Can you give an example of faster than light signaling that will create reference frame in which the signal arrived before it was sent ?

You are headin away from me at any speed. I send a signal that reaches you instantaneously in my frame. You reply with a signal that reaches me instantaneously in your frame, which arrives before I sent my signal.

You can do it with non-instantaneous communication too, but the circumstances where things go acausal are a bit more restrictive and I'd need to do some maths.

You could Google for "tachyonic anti-telephone".

 

[Steeve Leaf]

You are headin away from me at any speed. I send a signal that reaches you instantaneously in my frame. You reply with a signal that reaches me instantaneously in your frame, which arrives before I sent my signal.

You can do it with non-instantaneous communication too, but the circumstances where things go acausal are a bit more restrictive and I'd need to do some maths.

You could Google for "tachyonic anti-telephone".

What is heading away from me at any speed, got to do with it, is it just appear to be because you know (assume in this case) that FTL is not possible ?.

 

[PeroK]

Can you give an example of faster than light signaling that will create reference frame in which the signal arrived before it was sent ?

In a single reference frame, FTL signals do not do anything strange. They simply get from one place to the other faster than light.

To derive a problem with FTL signals, you need to consider the relationship between two reference frames moving with respect to each other. And, you need to assume as a postulate of relativity (or an experimentally proven fact) that the speed of a light signal is the same for both frames. It's when you put this together with a FTL signal between the two that you get a problem.

 

[Nugatory]

What is heading away from me at any speed, got to do with it, is it just appear to be because you know (assume in this case) that FTL is not possible ?.

As Ibix said... Google for "tachyonic anti-telephone".

 

[Ibix]

What is heading away from me at any speed, got to do with it

Because that's the condition for the simultaneity conventions of your frame and mine to clash in a way that is paradoxical if faster than light communication is possible within relativity.

 

[Steeve Leaf]

What Einstein had to say about this ?
I don't see any observer that will say that the reply was received before the message was send.
Math must be interesting .

 

[PeroK]

What Einstein had to say about this ?
I don't see any observer that will say that the reply was received before the message was send.
Math must be interesting .

You should read post #73. You need two frames of reference and a Lorentz Transformation between them. Otherwise, there isn't going to be a problem in anyone frame.

 

[Steeve Leaf]

2807 Ok.
It was mention as " any speed " , in order for Lorentz Transformation to play a role they have to move apart close to the speed of light, then time dilation might cause the reply to be received before... but I THINK it will work only with instantaneous info transfer .
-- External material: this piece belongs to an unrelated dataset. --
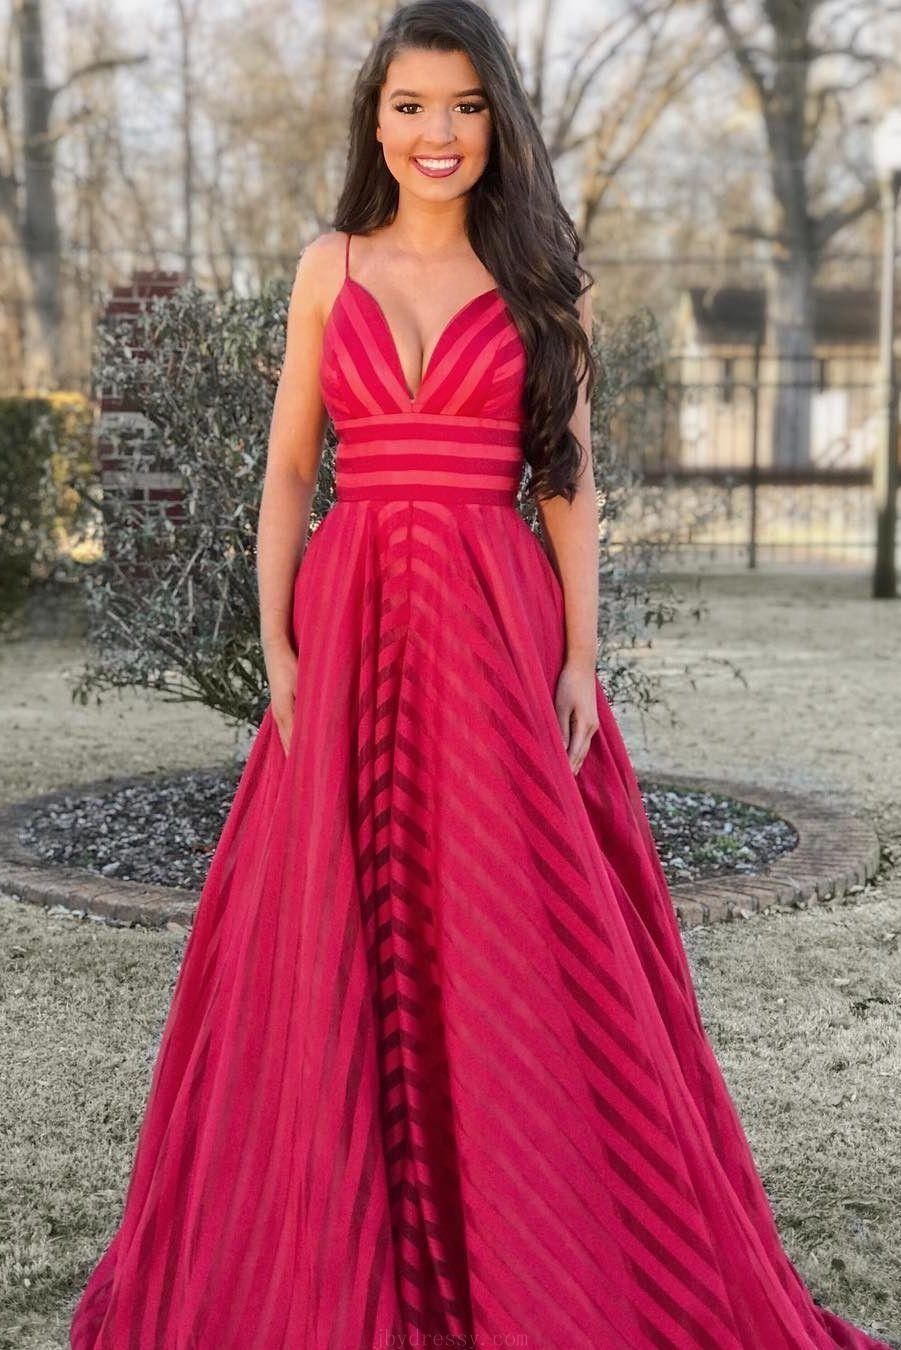 Cheap morden prom dresses red prom dresses long prom dresses

Am I 'm even getting closer

 

[PeroK]

2807 Ok.
In was mention as any speed , in order for Lorentz Transformation to play a role they have to move apart close to the speed of light,than time dilation will cause the reply to be received before... but I THINK it will work only with instantaneous info transfer .

Am I 'm even close

FTL causing a problem is not that easy to demonstrate since you first need to really understand how events (time and place) in one frame relate to another frame. It's a thing called the relativity of simultaneity (not time dilation) that is really the issue.

If you have an absolute notion of time (as in classical physics), then FTL is not a problem at all. But, time is not absolute, simultaneity is relative and when you have a FTL signal, that causes a problem.

Using an instantaneous signal is easier than using a signal at, say, twice the speed of light; but both can lead to a problem.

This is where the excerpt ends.